**MATERIAL TO PROCESS**
____________________

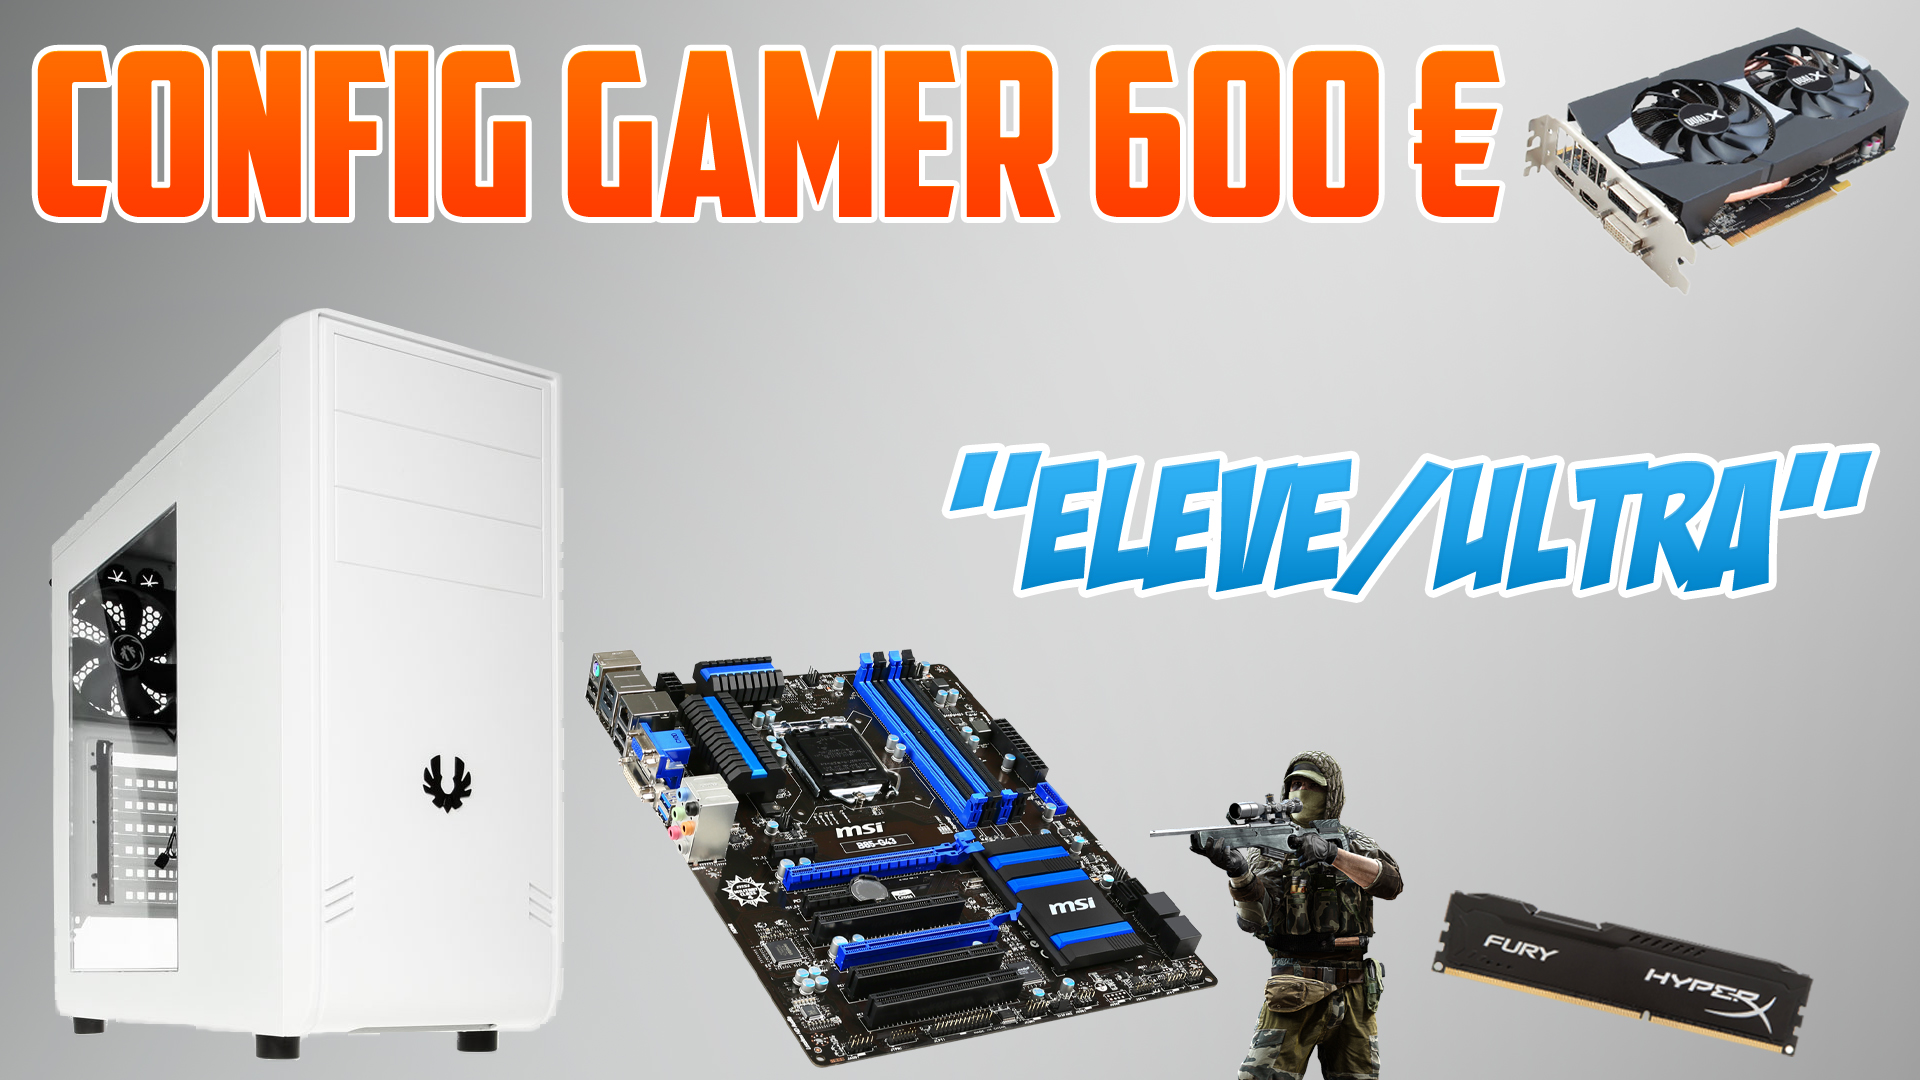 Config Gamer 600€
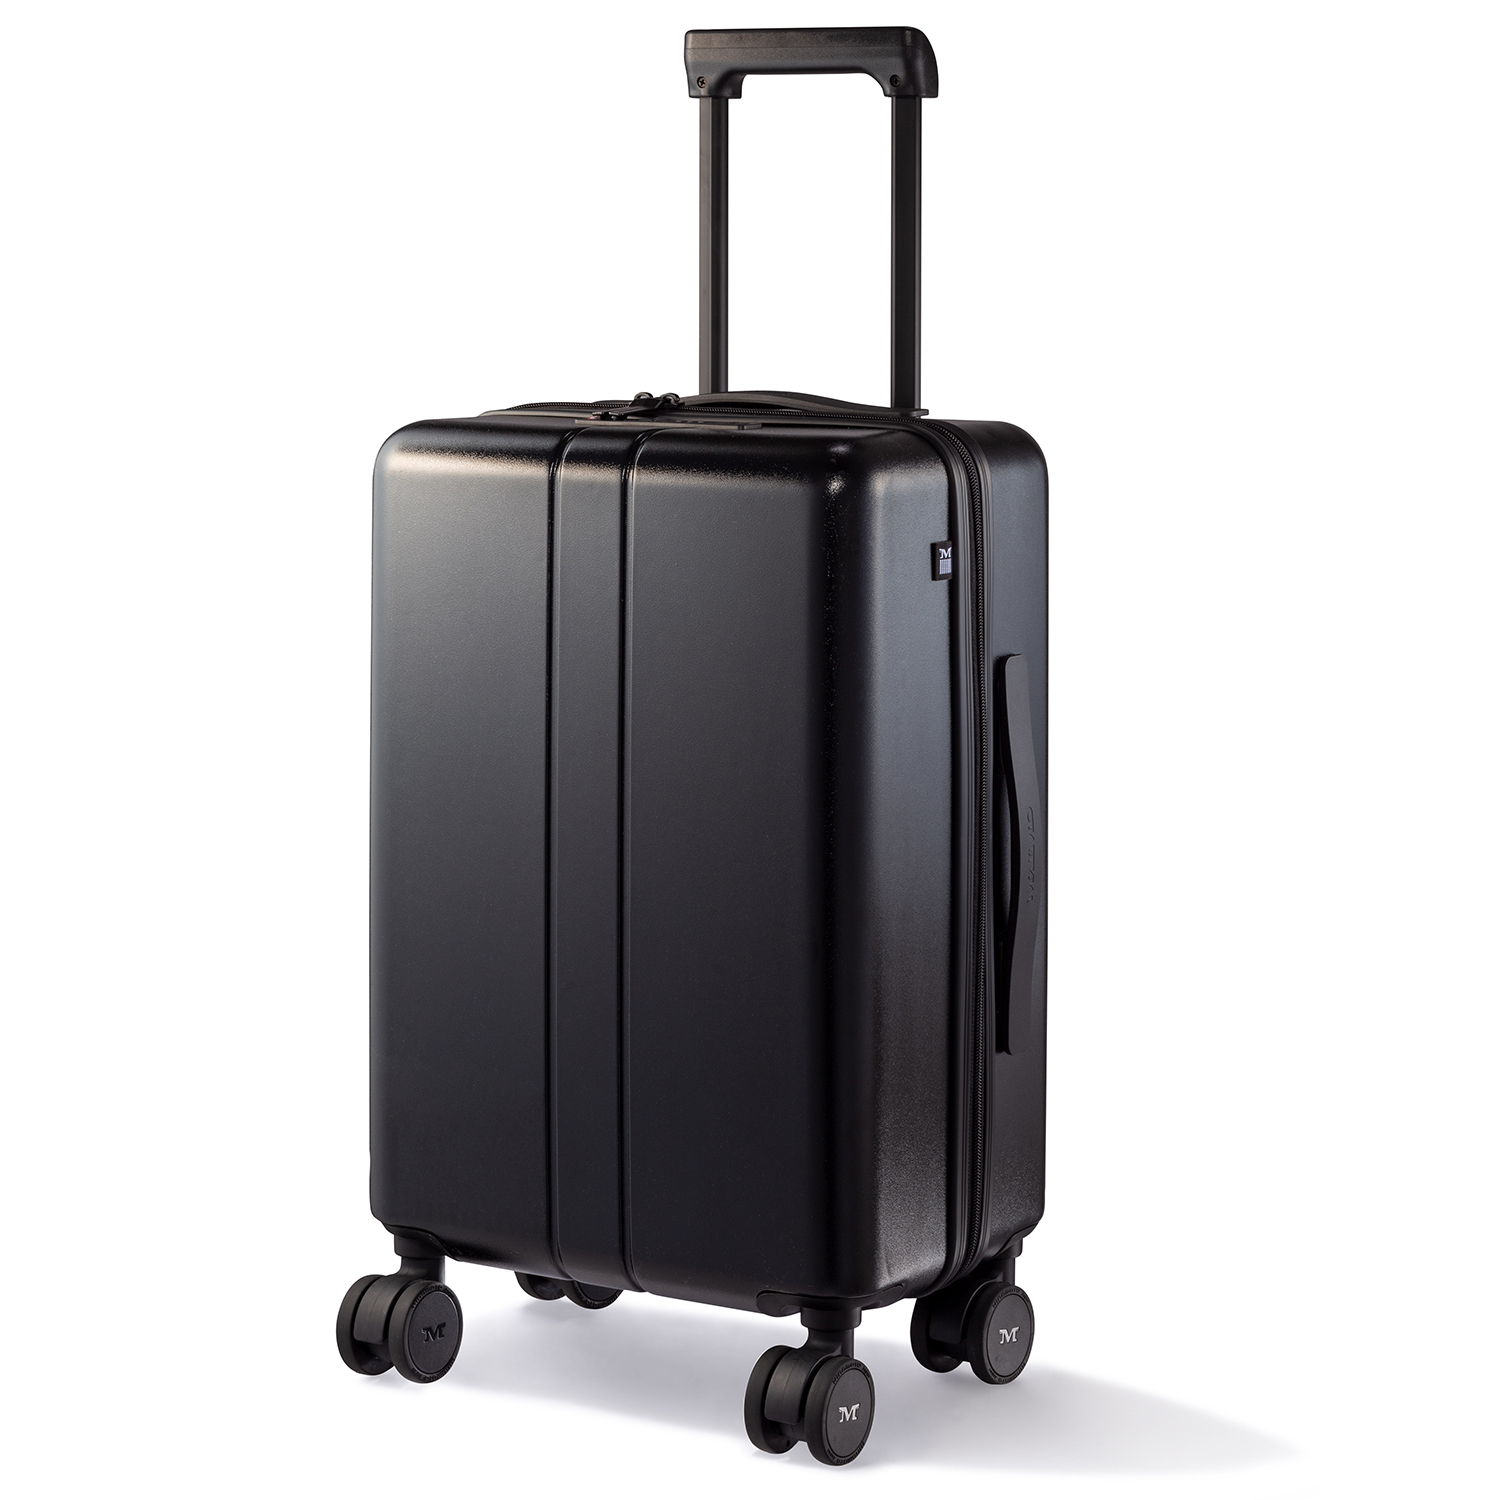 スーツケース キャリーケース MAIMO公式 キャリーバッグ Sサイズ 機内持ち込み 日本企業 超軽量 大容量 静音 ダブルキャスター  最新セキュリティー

____________________

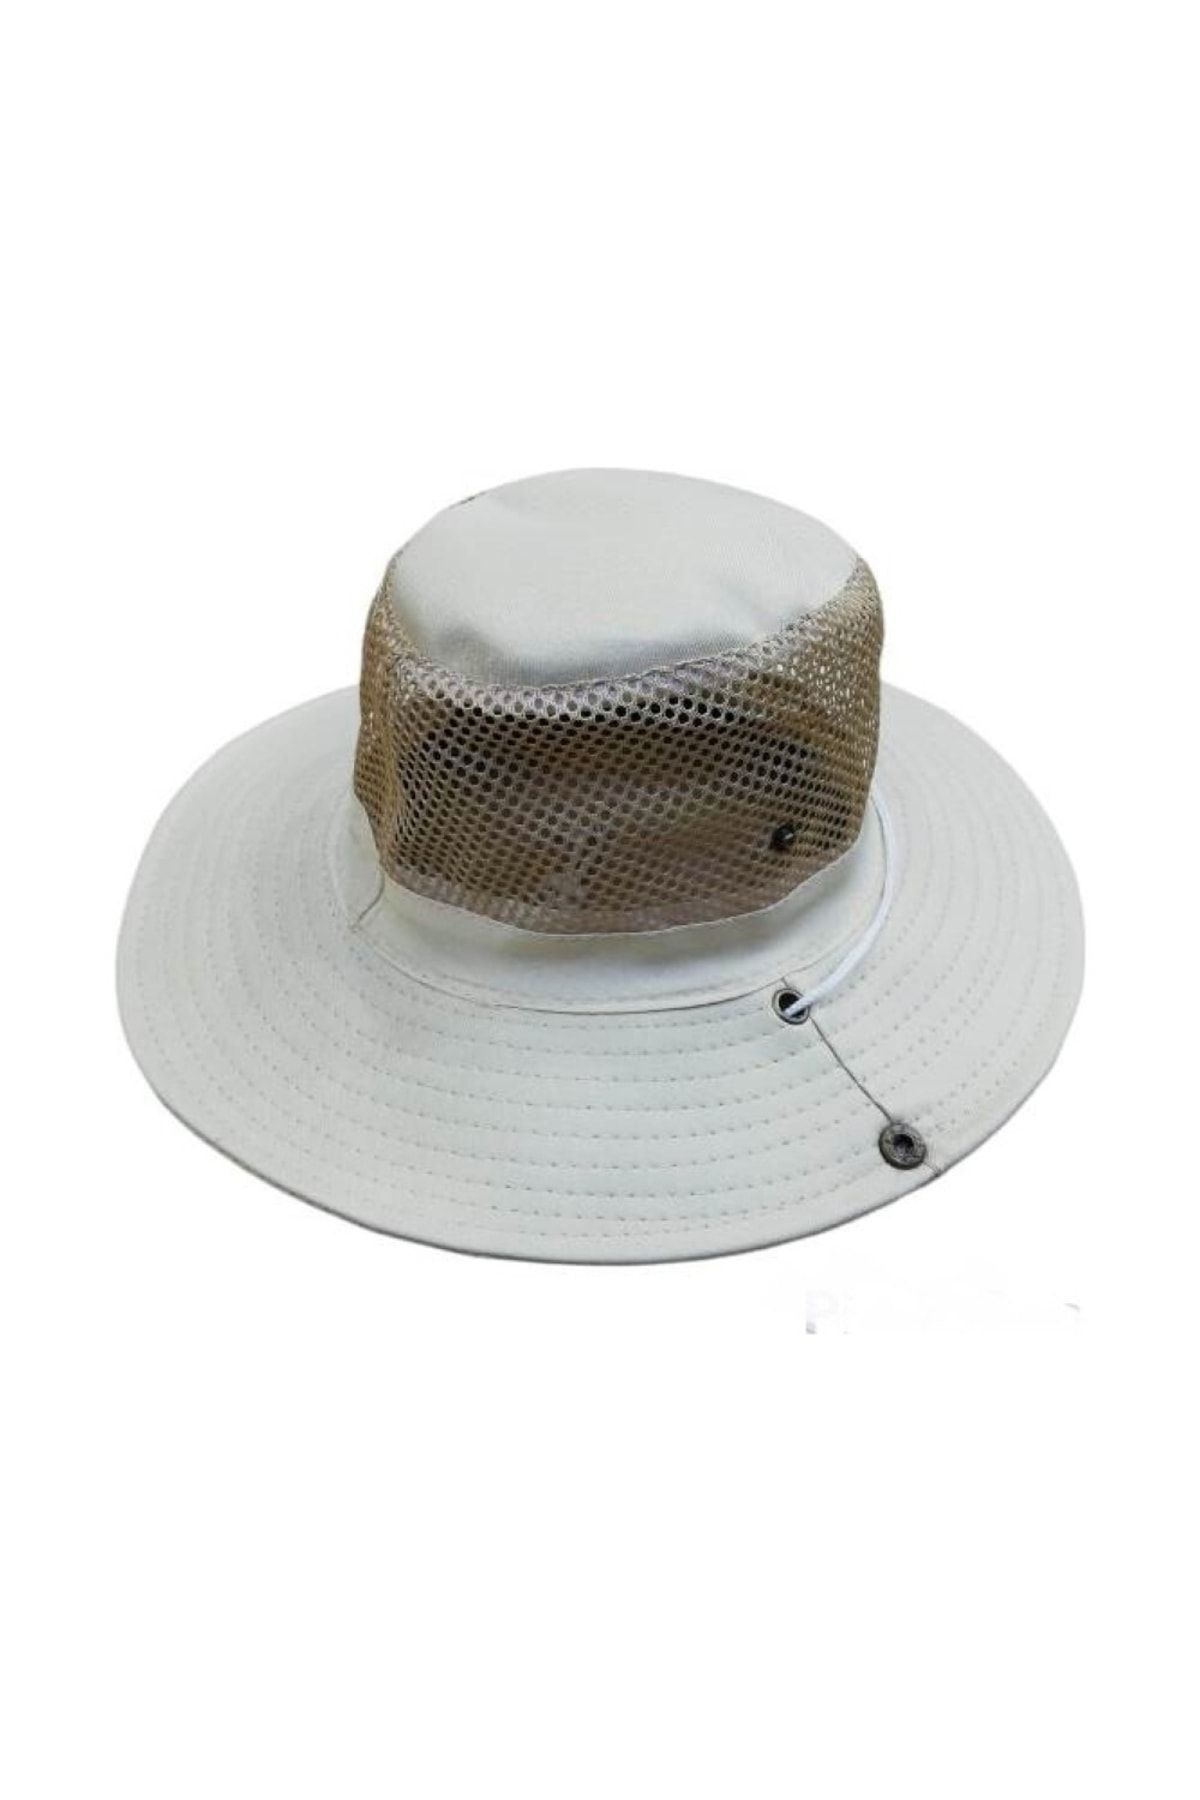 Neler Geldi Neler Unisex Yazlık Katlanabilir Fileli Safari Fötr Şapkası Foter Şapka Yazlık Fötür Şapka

____________________

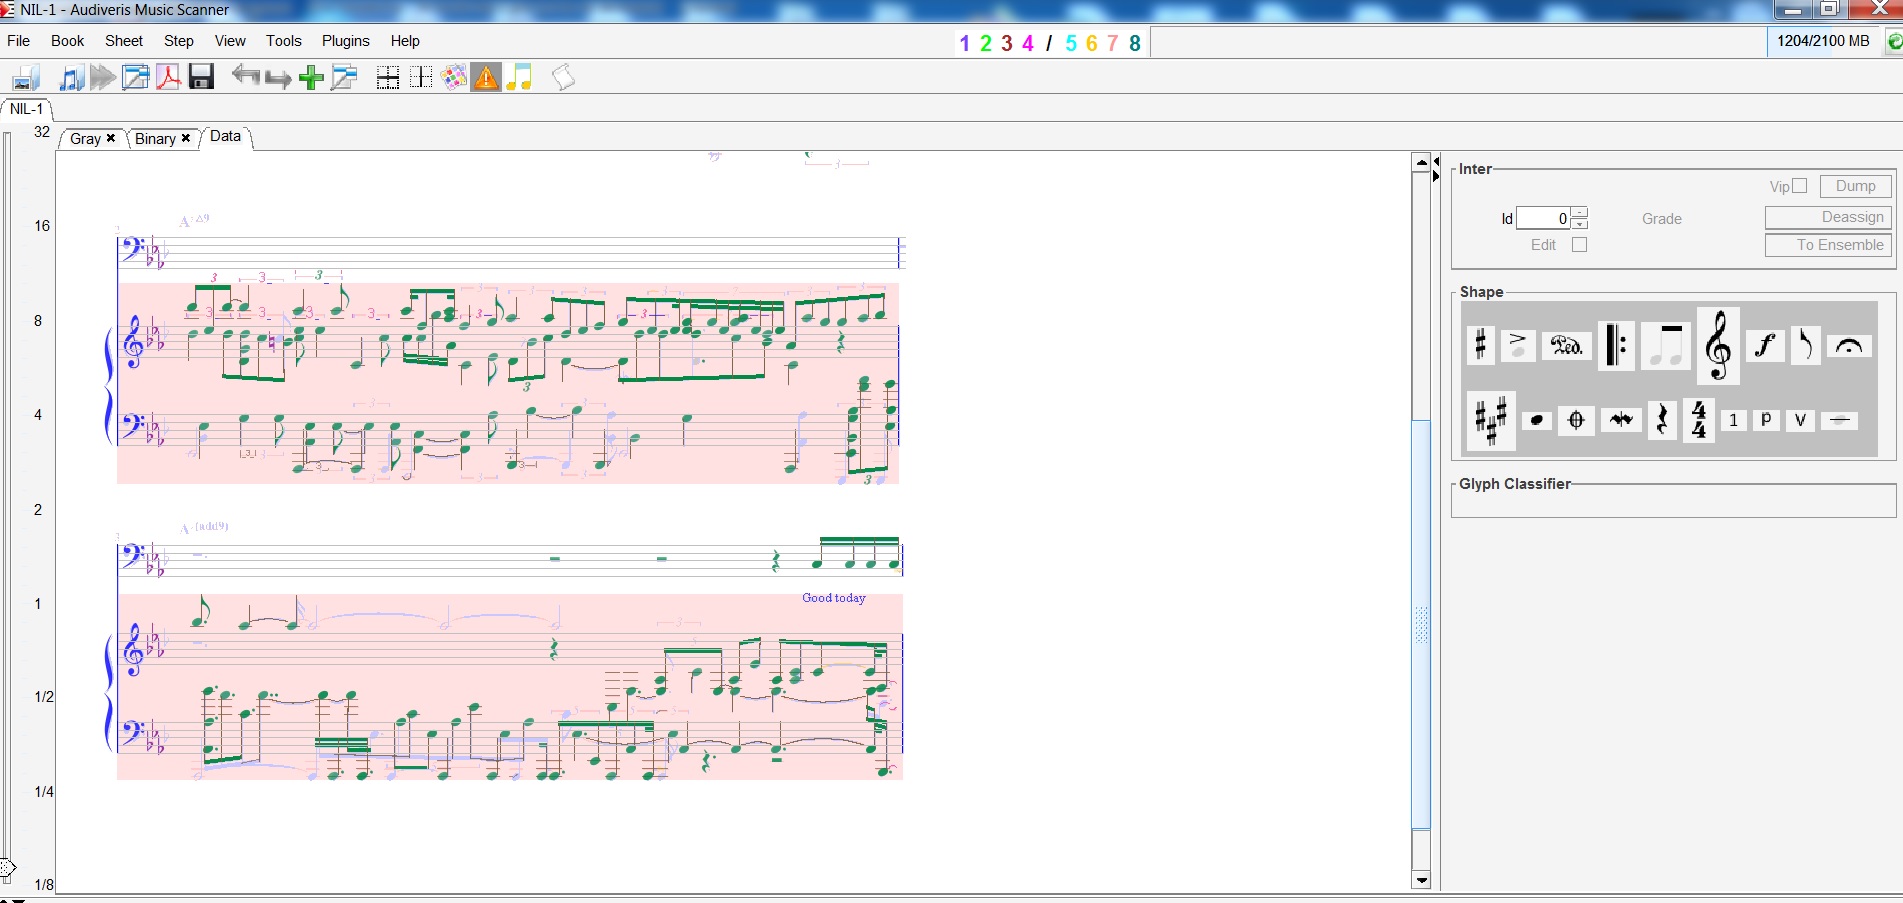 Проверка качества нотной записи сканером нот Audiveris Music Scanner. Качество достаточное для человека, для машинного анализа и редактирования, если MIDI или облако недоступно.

____________________

**DESCRIPTION OF THE TASK**
Set the pictures aside and reproduce exactly the lines above, from the line holding "Config Gamer 600€" through the line holding "スーツケース キャリーケース MAIMO公式", both included, with nothing else.

**EXERCISE RESPONSE**
 Config Gamer 600€
 スーツケース キャリーケース MAIMO公式 キャリーバッグ Sサイズ 機内持ち込み 日本企業 超軽量 大容量 静音 ダブルキャスター  最新セキュリティー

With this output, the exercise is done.